To investigate the role of LST1, we infected B6-Lst1 −/− mutant and C57BL/6 N wild-type mice with a low-virulent influenza A virus (PR8M; H1N1). Lst1 deficient mice exhibited significantly increased body weight loss at days 5 and 6 after infection and slightly increased lethality compared to infected wild-type mice. Determination of viral loads, histopathological examination and analysis of immune cell composition in bronchoalveolar lavage of infected lungs did not reveal any obvious differences between KO and wild-type mice.

Conclusions

The absence of Lst1 leads to a slightly more susceptible phenotype. However, deletion of Lst1 in DBA/2 J mice alone does not explain the high susceptibility of this strain to PR8M influenza infections.

Keywords

Influenza A virus Lst1 KO mouse mutant Animal model

Findings

Each year, about 500 million people are infected by influenza A virus worldwide, of which about 500,000 die. We and others showed that the genetic background strongly influences the course and outcome of influenza A virus infections in different mouse inbred strains [14]. To identify genes that influence resistance or susceptibility to influenza A infections, we performed a genome-wide quantitative mapping study using the BXD recombinant inbred strains derived from C57BL/6 J and DBA/2 J. When infected with a low virulent isolate of PR8 influenza A virus (designated PR8M), DBA/2 J mice are highly susceptible and die within 5–7 days post infection (p.i.), whereas C57BL/6 J mice survive [1, 5]. We found about 30 candidate genes across five QTL regions [2]. One of the most promising candidates in the Qivr17-2 (quantitative trait for influenza virus resistance on chromosome 17) locus was the leukocyte specific transcript 1 (Lst1). The human gene LST1 and its mouse homologue Lst1, formerly described as B144 [6], are located in the MHC class III locus encoding numerous genes involved in the immune response [7, 8]. Transcripts are most abundant in immune cells, especially B cells, T cells, monocytes and dendritic cells [9]. Lst1 expression has been shown to be up-regulated by inflammatory stimuli [8, 10]. DBA/2 J mice exhibit a deletion in the Lst1 which results in a translational frame shift that most likely causes a premature stop codon and thus results in a truncated, non-functional protein [2]. Expression of Lst1 transcripts was up-regulated in C57BL/6 J mice after infection with influenza A virus (PR8M; H1N1). Expression levels increased already at day 2 post infection (p.i.), showing a peak of expression at day 8 p.i.. At later time points Lst1 expression decreased and reached levels that were similar to non-infected mice on day 18 p.i. [2, 11]. Thus, Lst1 expression was found both during the innate and adaptive phase of the host response to influenza and peaked at the time point of T cell infiltration. Bio-GPS (http://biogps.org) expression studies show that Lst1 was mainly expressed in immune cells including mast cells, macrophages and dendritic cells.

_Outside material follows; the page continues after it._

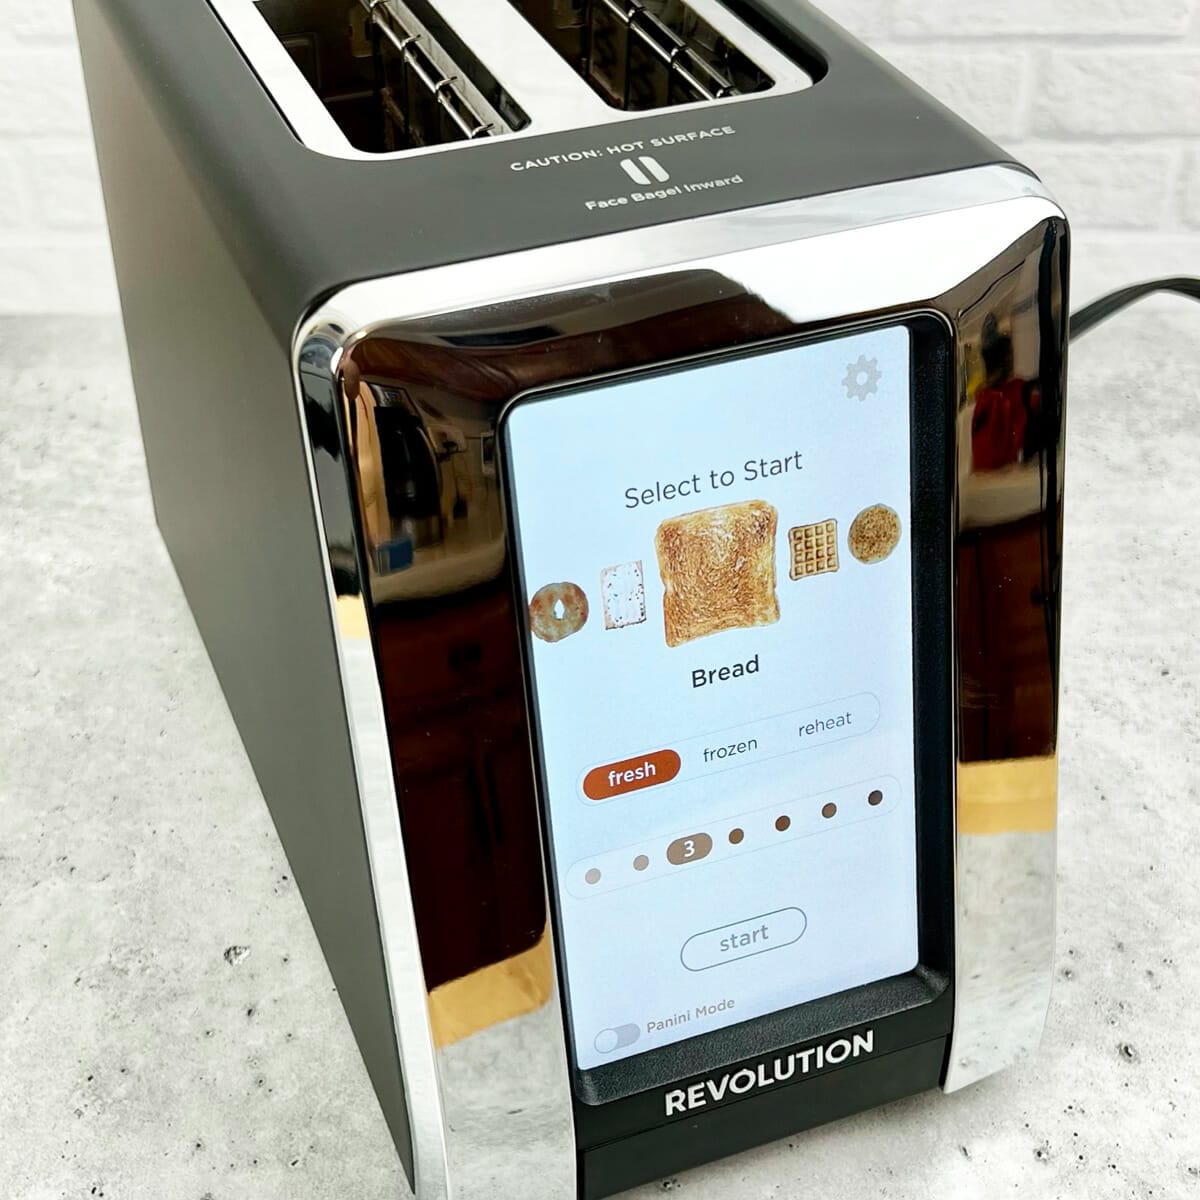 The Revolution InstaGLO R180 Toaster is smart, but overpriced

To further characterize the role of LST1 after influenza A infection, we studied the host response in a Lst1 mouse knock-out (KO) model. The KO strain C57BL/6 N-Lst1 tm1(KOMP)Vlcg was created from the ES cell clone 12118A-B1 (obtained from the KOMP Repository; www.komp.org). It harbors a reporter-tagged deletion of the Lst1 gene. We confirmed insertion of the targeting cassette into the coding region of exon two and three by PCR genotyping (Additional file 1: Figure S1A) and showed absence of transcripts in knock-out mice by reverse transcription PCR (Additional file 1: Figure S1B).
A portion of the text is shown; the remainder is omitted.